Sometimes customer formulation feedback uncovered micronization or flow problems not visible in our lab-scale runs. We responded by retrofitting mills, changing antistatic protocols, and strengthening in-process controls. These investments cut unexplained clumping and fines generation during transport. Unlike faceless brokers, we engage directly with product development teams and can scale, tweak, and validate our product for their new delivery systems — whether parenteral, oral solid, or feasibility-stage R&D blends.
As a direct chemical manufacturer, our responsibilities extend far beyond efficient chemical output. Environmental compliance requires more than box-ticking — it impacts our process choices every day. Several years ago, tightening effluent standards prompted us to adopt solvent recovery and minimize hazardous waste generation. Our investment in closed-loop water systems and air scrubbing paired eco-compliance with community protection, earning trust from both local regulators and our global customers. Routine audits keep us honest, while early investment in greener reagents further shrinks our environmental footprint.
Worker safety and local impact shape every production shift. We provide real chemical safety training, PPE, and transparent reporting on workplace incidents. While these steps add cost, they have reduced lost time and kept production schedules steady. Communities surrounding our facility saw a lowering of chemical odor complaints and reported no soil contamination linked to our operations. These tangible results are important to us, as makers, because they show that growth does not have to come at the expense of those living or working nearby.

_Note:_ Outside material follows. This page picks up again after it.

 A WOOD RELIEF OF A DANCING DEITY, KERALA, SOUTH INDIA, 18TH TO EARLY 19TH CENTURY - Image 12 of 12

Consistent and reliable supply of Isavuconazole Sulfate underpins development of new antifungal therapies and combinations for resistant pathogens. Our manufacturing platform allows us to adjust output to small clinical studies or scale up rapidly for commercial launches. We supply clinical-grade material in quantities tailored for preclinical, pilot, and pivotal stages — not just mature commercial products. R&D teams know that direct access to experienced process chemists and full analytical support shortens troubleshooting cycles and sparks new formulation pathways.

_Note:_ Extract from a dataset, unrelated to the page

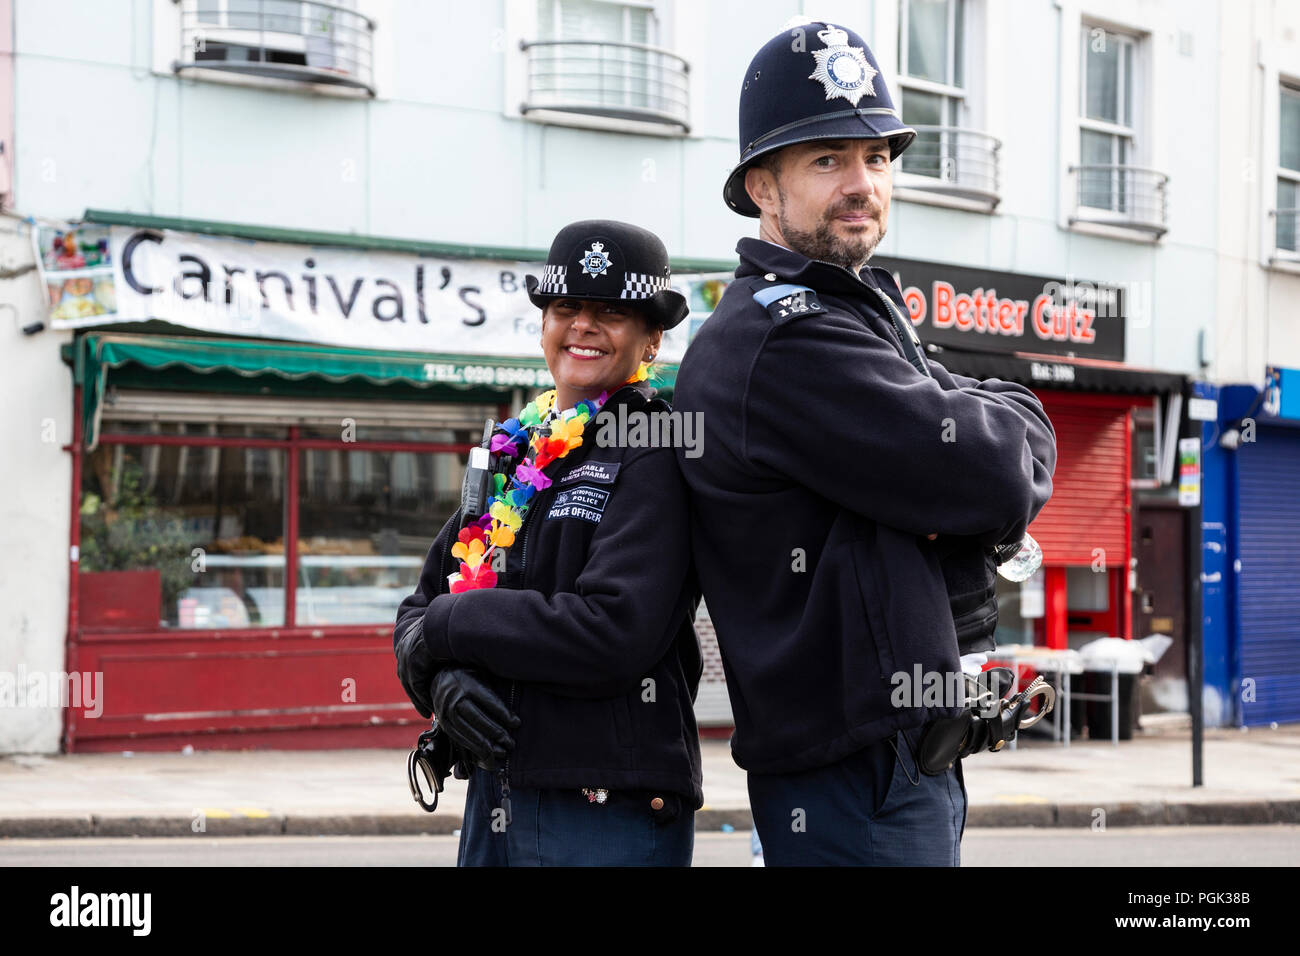 London, United Kingdom. 27 August 2018. Police officers at Notting Hill Carnival, Europe's largest street party.  Photo: Bettina Strenske/Alamy Live News Stock Photo

Our participation alongside clients in developing novel delivery systems or prodrug modifications rests on the ability to give deeper API information: polymorphism, particle engineering, surface chemistry analysis, and batch-to-batch behavior during encapsulation or lyophilization. Projects seldom run in straight lines; setbacks and surprises are common. What matters is clear communication, rapid technical response, and honest reporting. Our clients depend on this partnership to reach the next breakthroughs in the antifungal field.
Direct experience manufacturing Isavuconazole Sulfate defines every gram we produce. We do not rely on abstract “global supplier networks” or third-party copy — we bring chemical knowledge, process discipline, and a culture of continuous improvement bred from years of direct production. Every delivered lot reflects the same hard-won insights and customer-driven adaptation that set our products apart from commodity brokers or batch resellers. We measure success not only by analytical purity or regulatory compliance, but by how reliably our product integrates into advanced medicines — making better therapies possible, for patients and their providers worldwide.